Agent-Based Modeling and Simulation

In academic research, the term "agent-based" modeling and simulation (M&S) is used ambiguously both for individual-based M&S and cognitive agent M&S. The former, which is also called "microscopic" simulation (or microsimulation), is focused on modeling (collections of) individuals and their interactions with each other and with their environment for modeling complex systems, whereas the latter is more concerned with modeling the cognitive state and cognitive operations of an agent.

Consequently, it seems natural to distinguish between a weak concept of agents, which we call basic agents, as commonly used in individual-based simulation where agents are entities that interact with their environment and with each other, and a strong concept, called cognitive agents, that is based on modeling the cognitive (or mental) state and operations of agents.
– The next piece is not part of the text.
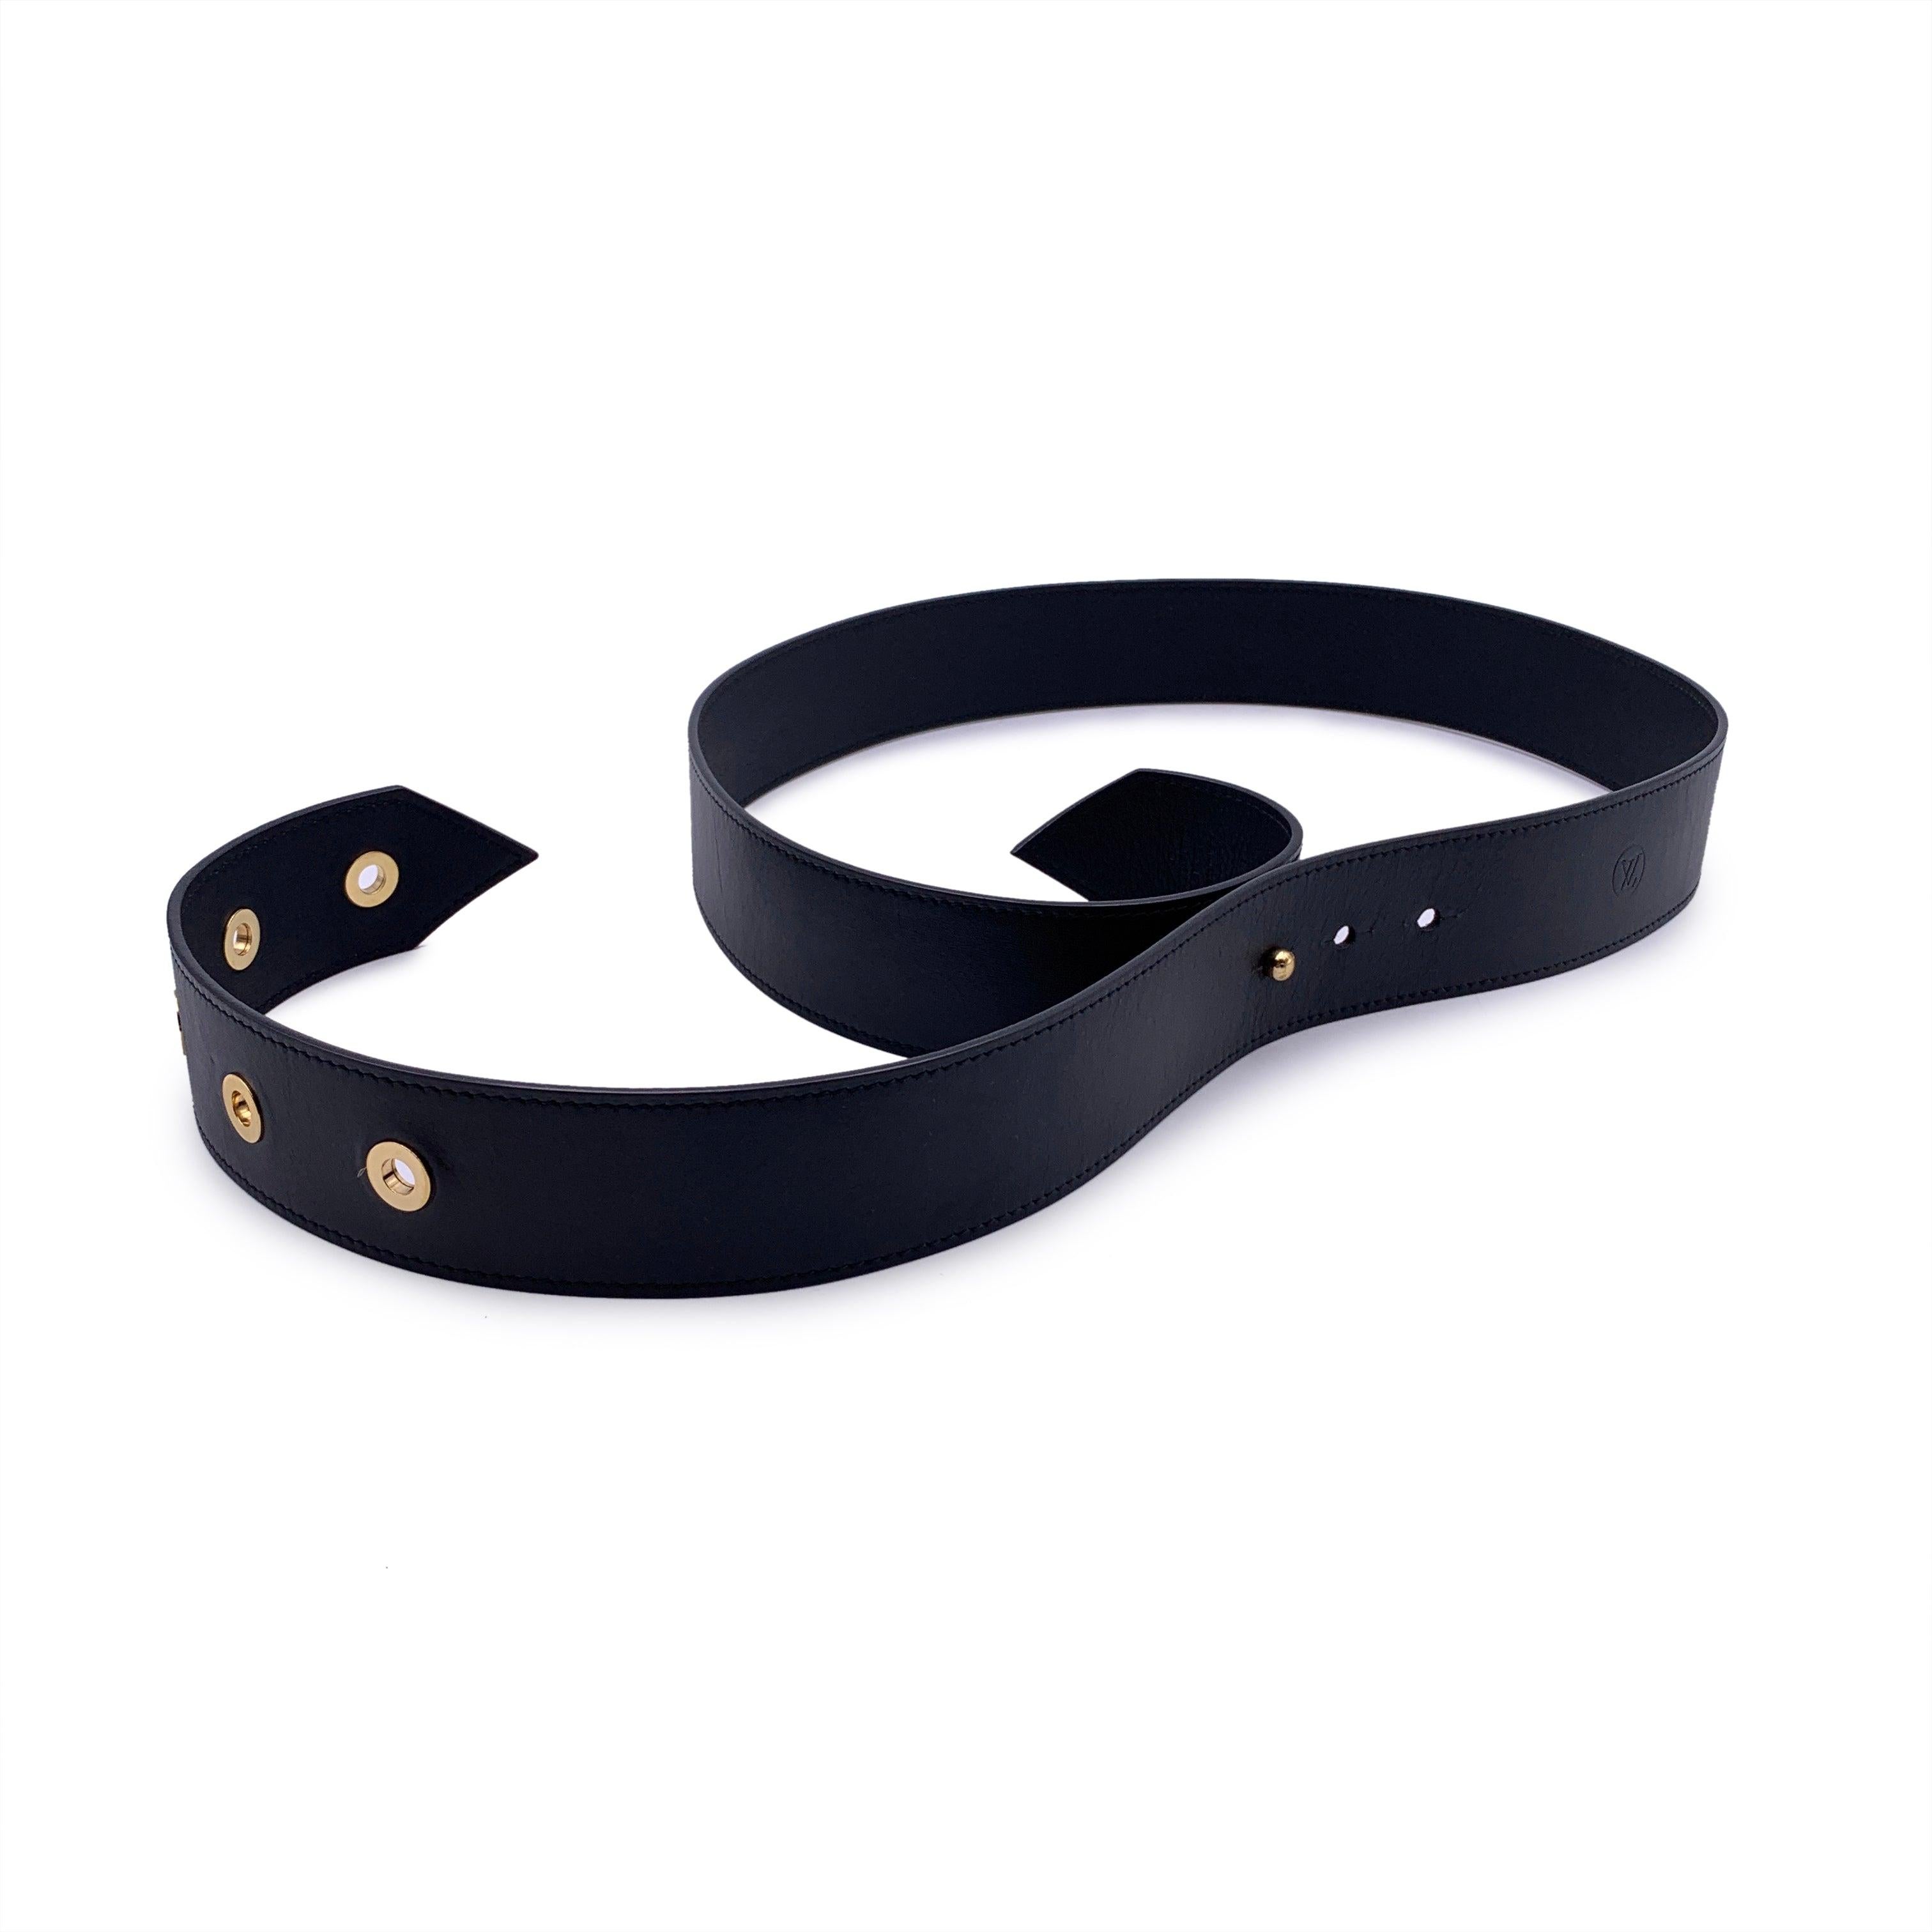 This beautiful belt will come with a Certificate of Authenticity provided by Entrupy. The certificate will be provided at no further cost. Louis Vuitton Tie the Knot Black Leather Eyelet Belt. From the Fall 2014 collection. Crafted in black leather

Since the interactions of agents are based on discrete perception and action events, it is natural to define an agent-based M&S approach as an extension of a DES approach, such that it is an option to use the concept of agents along with the more basic concepts of objects and events. Along these lines, OEM&S can be extended by adding the concept of agents, together with concepts of perception and action events as well as communication, resulting in Agent/Object Event Modeling and Simulation (A/OEM&S).

Examples of Agent-Based DES Models

A four stage supply chain consists of a retailer, a wholesaler, a distributor and a factory.
A simulation of a signaling reinforcement learning (RL) process, where two agents learn to communicate with each other via signals.